• _The data_
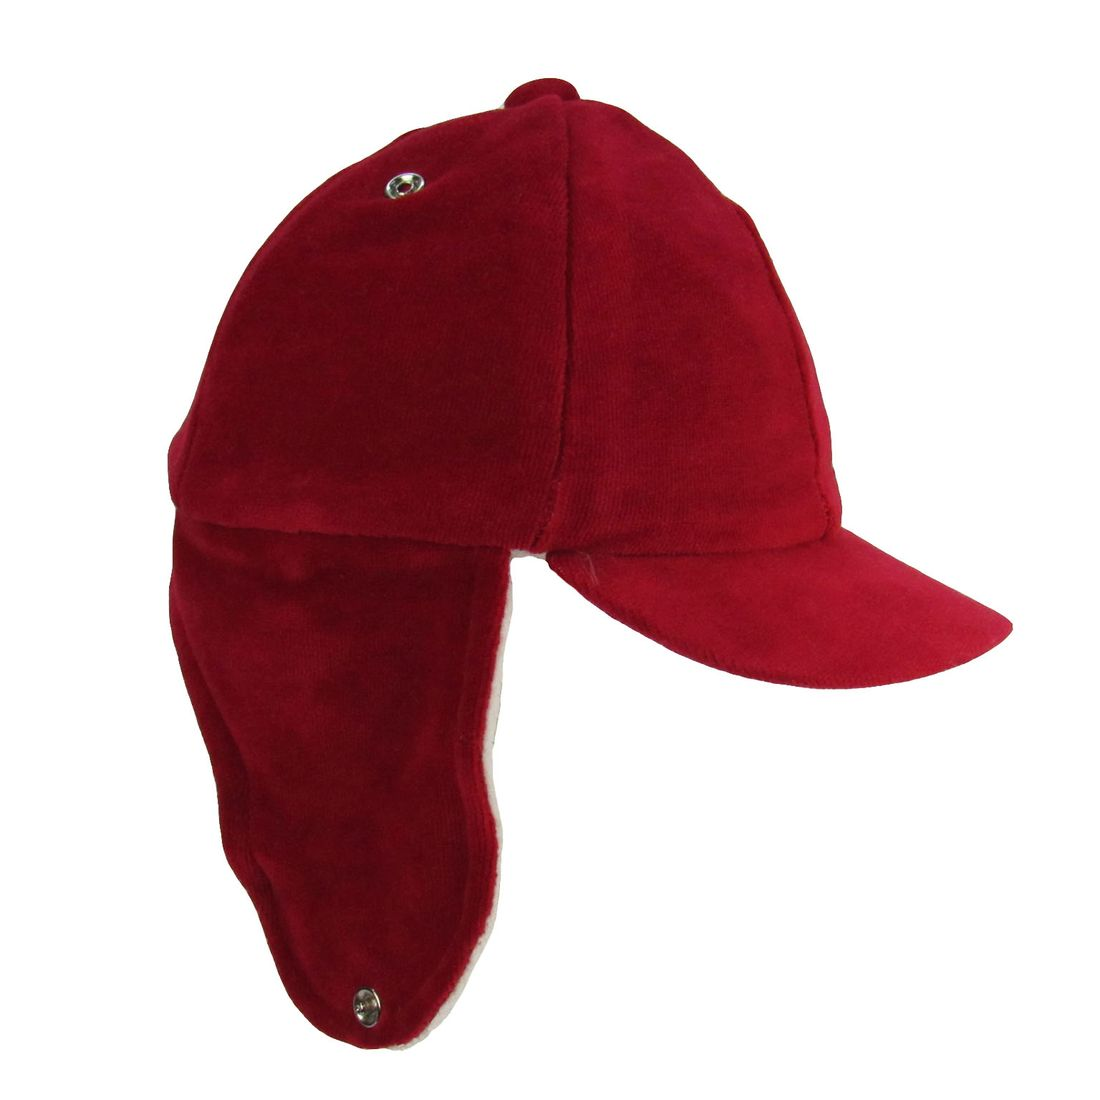 Boné Bebê Masculino Plush Vermelho e Branco - poetique ed265b2ab74
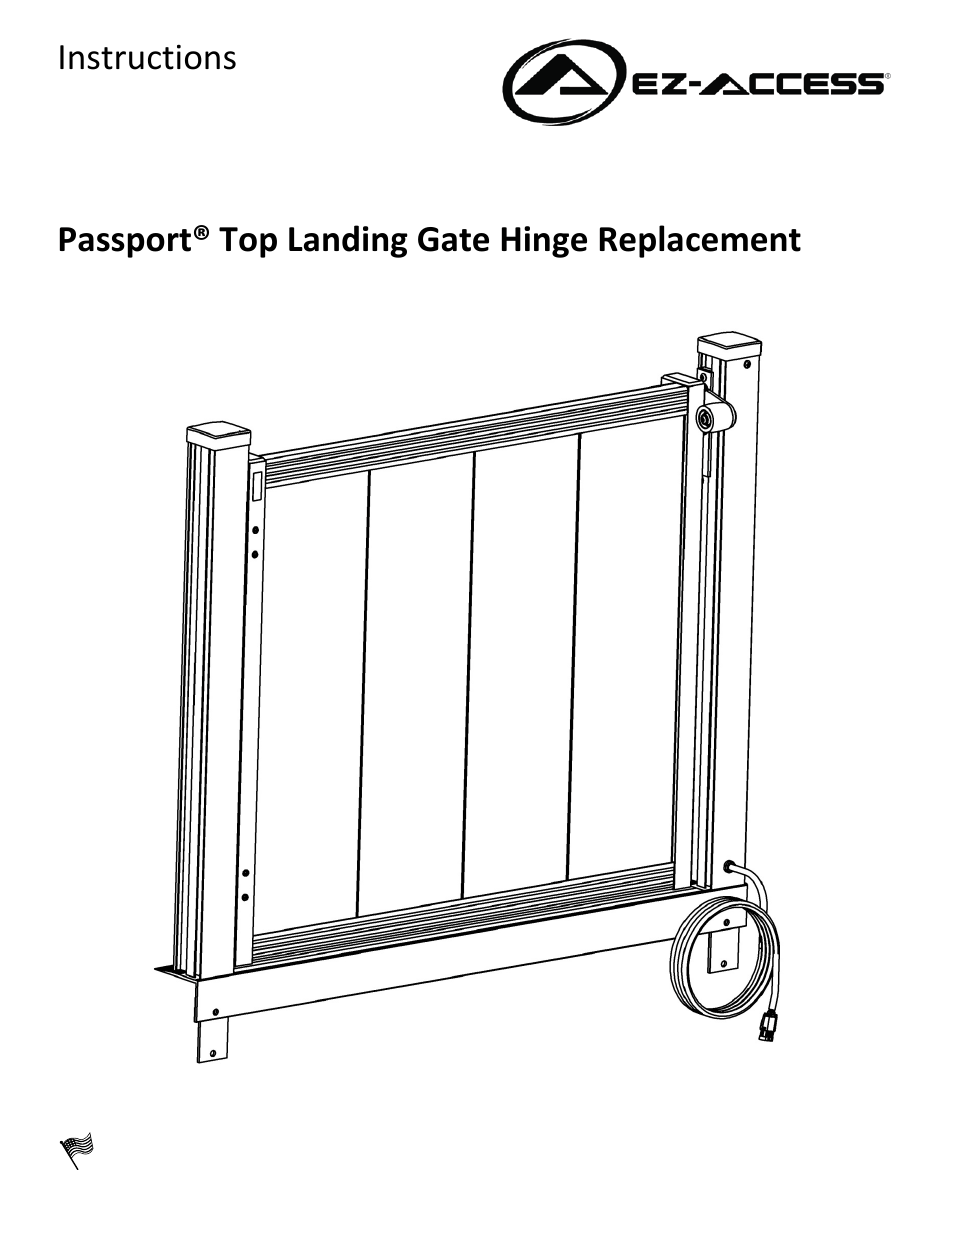 EZ-ACCESS PASSPORT TOP LANDING GATE HINGE REPLACEMENT User
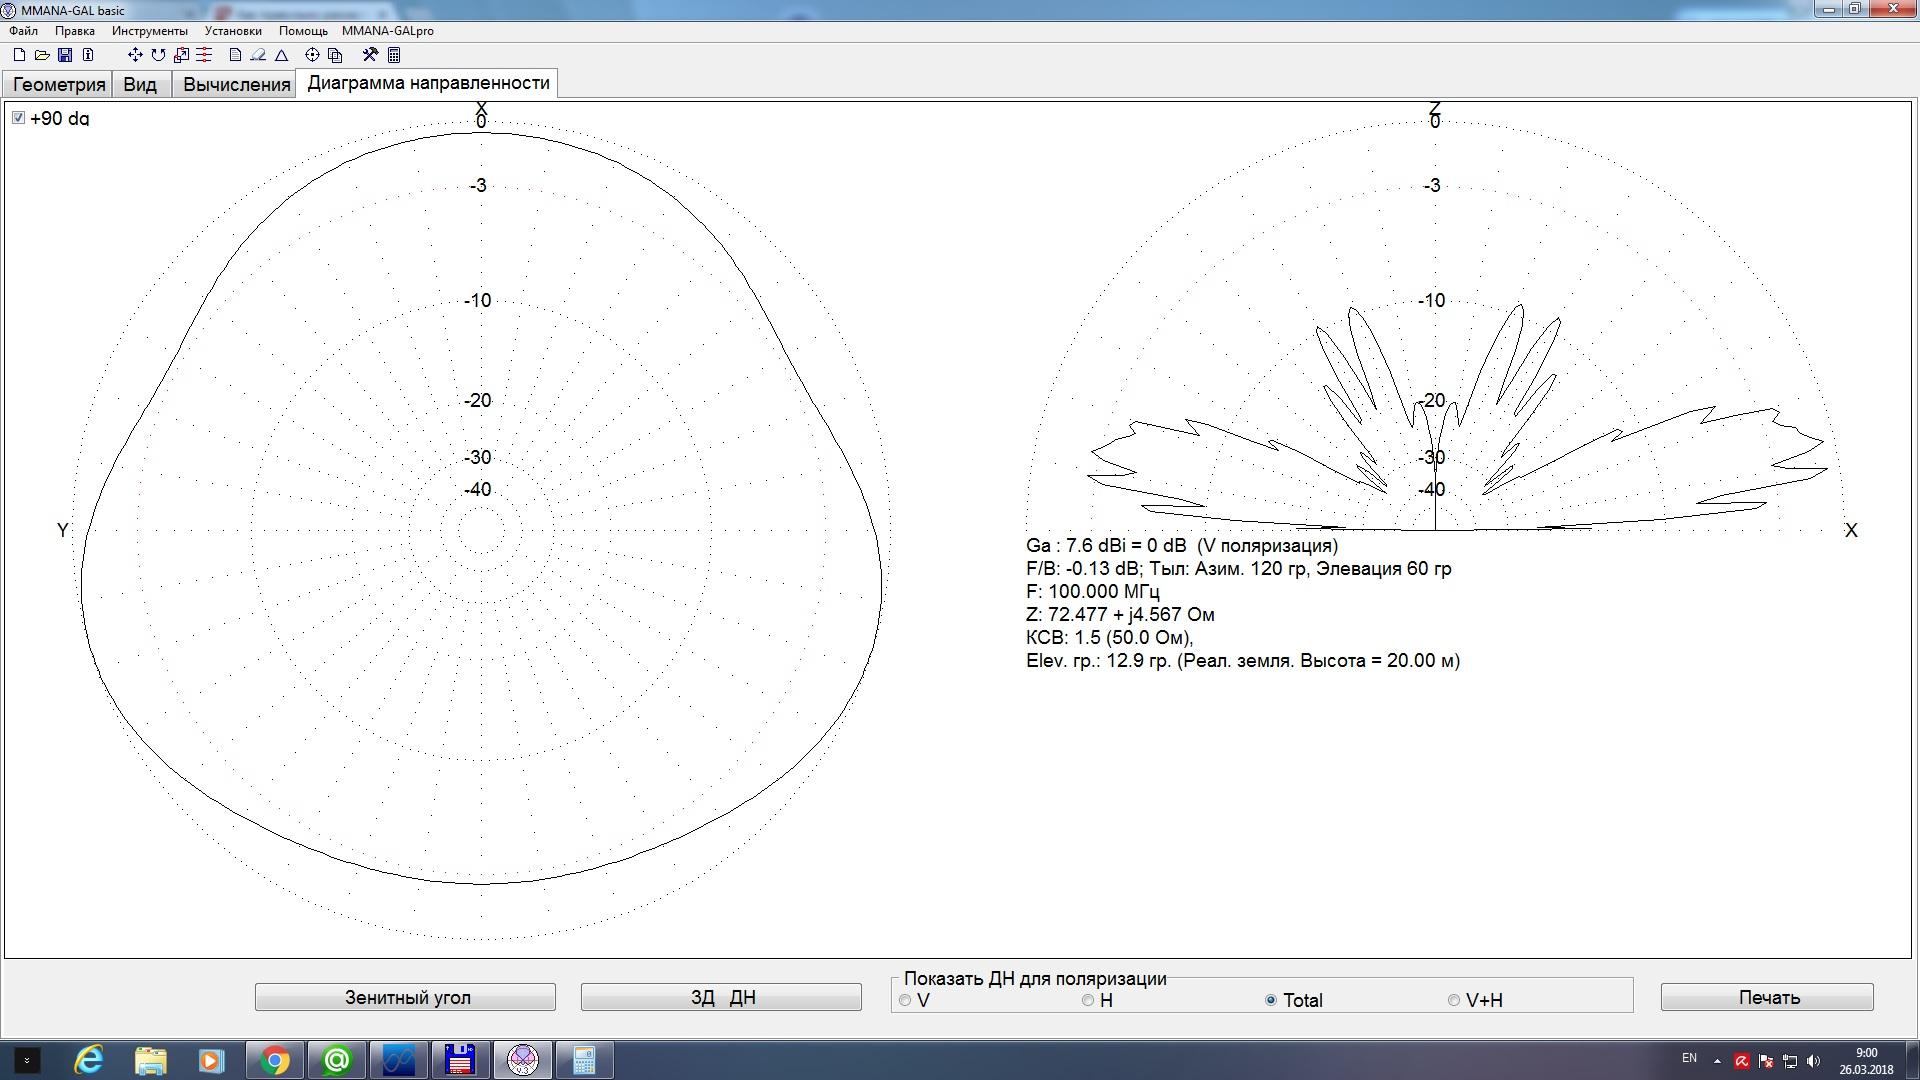 Нажмите на изображение для увеличения.  Название:ant truba.jpg Просмотров:13 Размер:326.4 Кб ID:208719
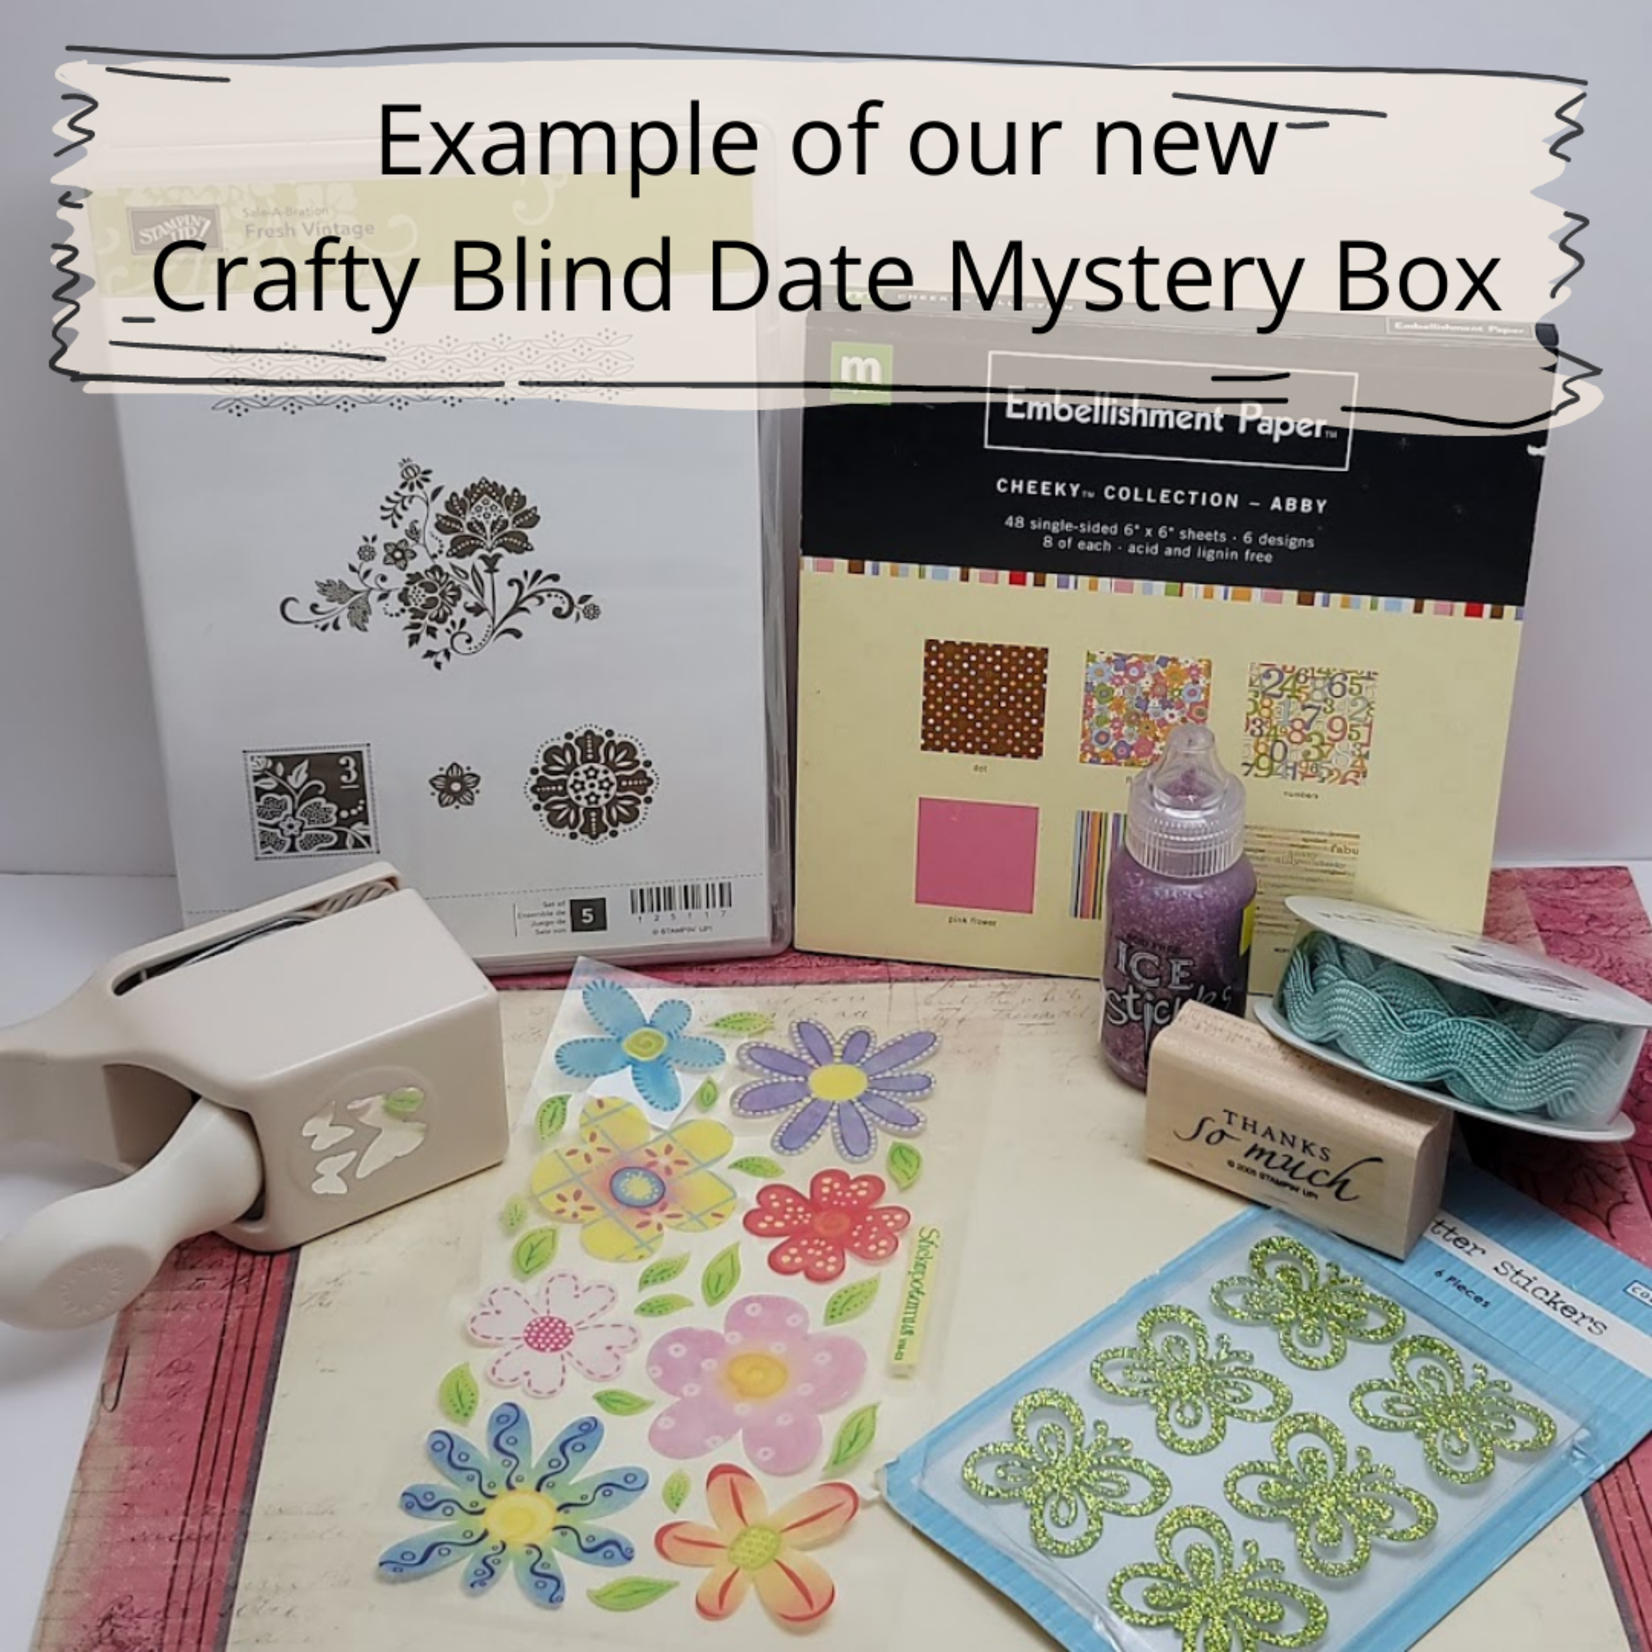 Crafty Blind Date Mystery Box

• _Exercise directions_
Restate all the material verbatim; omit every picture.

• _Exercise result_
 Boné Bebê Masculino Plush Vermelho e Branco - poetique ed265b2ab74
 EZ-ACCESS PASSPORT TOP LANDING GATE HINGE REPLACEMENT User
 Нажмите на изображение для увеличения.  Название:ant truba.jpg Просмотров:13 Размер:326.4 Кб ID:208719
 Crafty Blind Date Mystery Box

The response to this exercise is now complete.